There are some theoretical justifications for this specific choice of relaxation, e.g. the nuclear norm is the convex envelope of the rank function under curtain assumptions 3.

Solving the relaxed problem#

We will now show how to solve this problem using splitting schemes. Specifically, we will use pyproximal.ADMM and re-write the objective as

\[\argmin_{X, Z} \mu \|Z^\sharp\|_{*} + \frac{1}{2}\|RX - M\|_F^2,\]

and add the constraint \(X=Z\). This way, the proximal operators are simply those of the (stacked) nuclear norm and the Frobenius norm. We implement these next:

from pyproximal.ProxOperator import _check_tau
from pyproximal import Nuclear, ProxOperator


class BlockDiagFrobenius(ProxOperator):
    r"""Proximal operator for 1/2 * ||RX - M||_F^2 where R is block-diagonal.
    Note: You could also wrap pyproximal.L2, but this class is used here in
    this tutorial to increase legibility.
    """
    def __init__(self, dim, R, M):
        super().__init__(None, False)
        self.dim = dim
        self.R = R
        self.M = M

    def __call__(self, x):
        X = x.reshape(self.dim)
        return 0.5 * np.linalg.norm(self.R @ X - self.M, 'fro') ** 2

    @_check_tau
    def prox(self, x, tau):
        X = x.reshape(self.dim)
        Y = np.zeros_like(X)
        for f, Rf in enumerate(self.R):
            Y[3 * f: 3 * f + 3, :] = np.linalg.solve(
                tau * Rf.T @ Rf + np.eye(3),
                tau * Rf.T @ self.M[2 * f:2 * f + 2, :] + X[3 * f: 3 * f + 3, :]
            )
        return Y.flatten()


class StackedNuclear(Nuclear):
    r"""Proximal operator for the stacked nuclear norm."""
    def __init__(self, dim, sigma=1.):
        super().__init__(dim, sigma)
        self.unstacked_dim = (dim[0] * 3, dim[1] // 3)

    def __call__(self, x):
        X = stack(x.reshape(self.unstacked_dim))
        return super().__call__(X.ravel())

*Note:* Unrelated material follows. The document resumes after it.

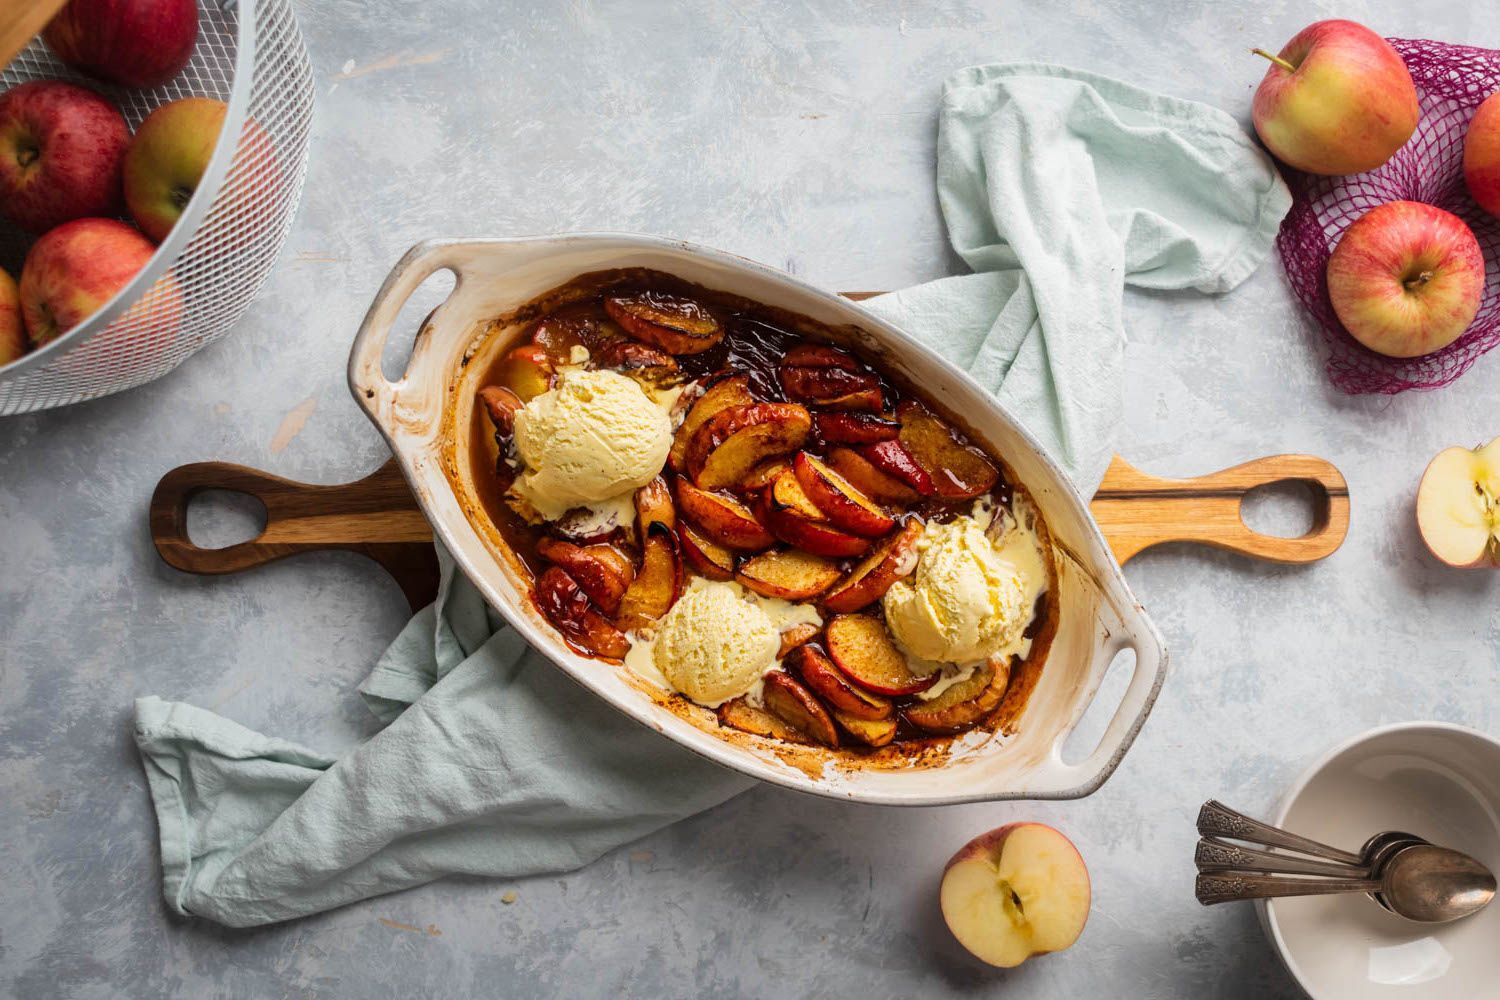 Baked apples in a ceramic baking dish with vanilla ice cream and cinnamon.
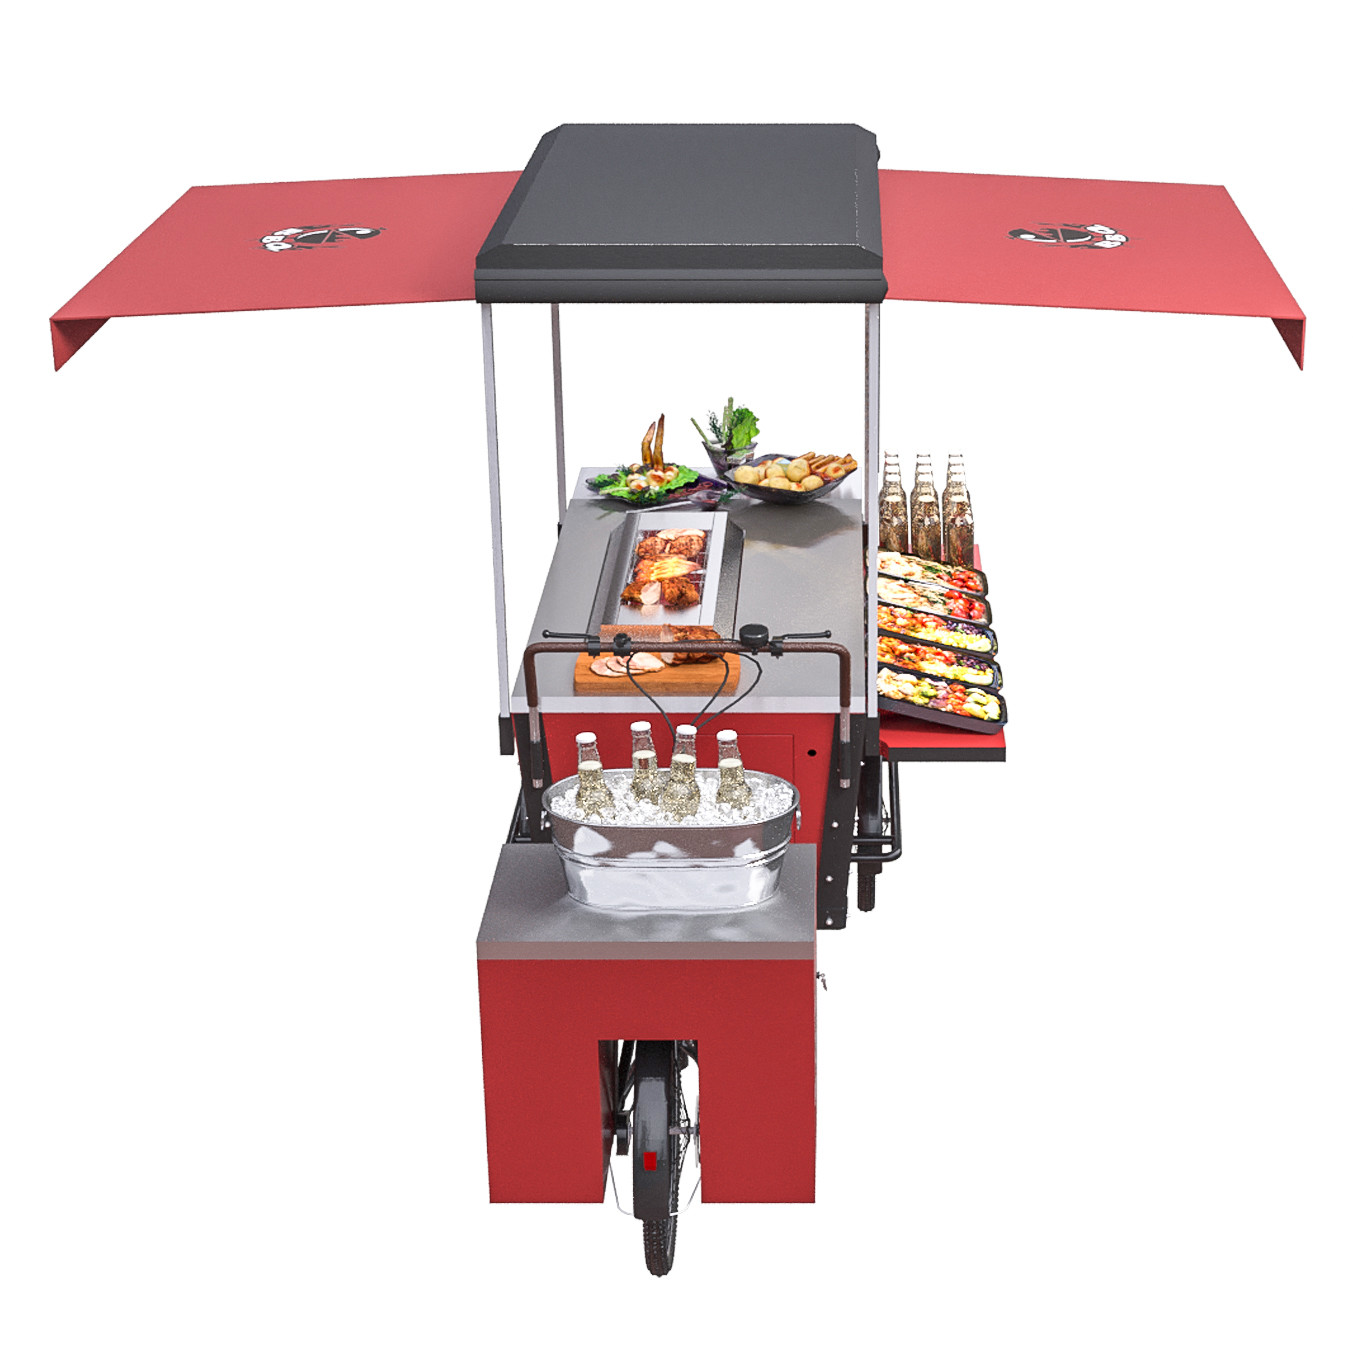 Fried Hot Dog BBQ Leisure Vending Grill Food Cart

    def prox(self, x, tau):
        X = stack(x.reshape(self.unstacked_dim))
        x = super().prox(X.ravel(), tau)
        X = unstack(x.reshape(self.dim))
        return X.ravel()

Now we are ready to solve the problem using ADMM.

from pyproximal.optimization.primal import ADMM


mu = 1
R = data['R']
Rblk = sp.linalg.block_diag(*R)
M = Rblk @ X_gt
N = M.shape[1]
normal_size = (3*F, N)
stacked_size = (F, 3*N)
X0 = np.zeros(normal_size)
proxf = BlockDiagFrobenius(normal_size, R, M)
proxg = StackedNuclear(stacked_size, mu)
X_rec = ADMM(proxf, proxg, x0=X0.flatten(), tau=0.9, niter=200)[0]
X_rec = X_rec.reshape(normal_size)

Let us compare the results with the ground truth data.

fig = plt.figure()
ax = fig.add_subplot(projection='3d')
plot_first_3d_pose(ax, X_gt)
plot_first_3d_pose(ax, X_rec, color='r', marker='v', linecolor='r')
plt.tight_layout()
nrsfm

Furthermore, we compute some statistics on the reconstruction performance. You can vary the regulation strength \(\mu\) to see if you can achieve better performance yourself!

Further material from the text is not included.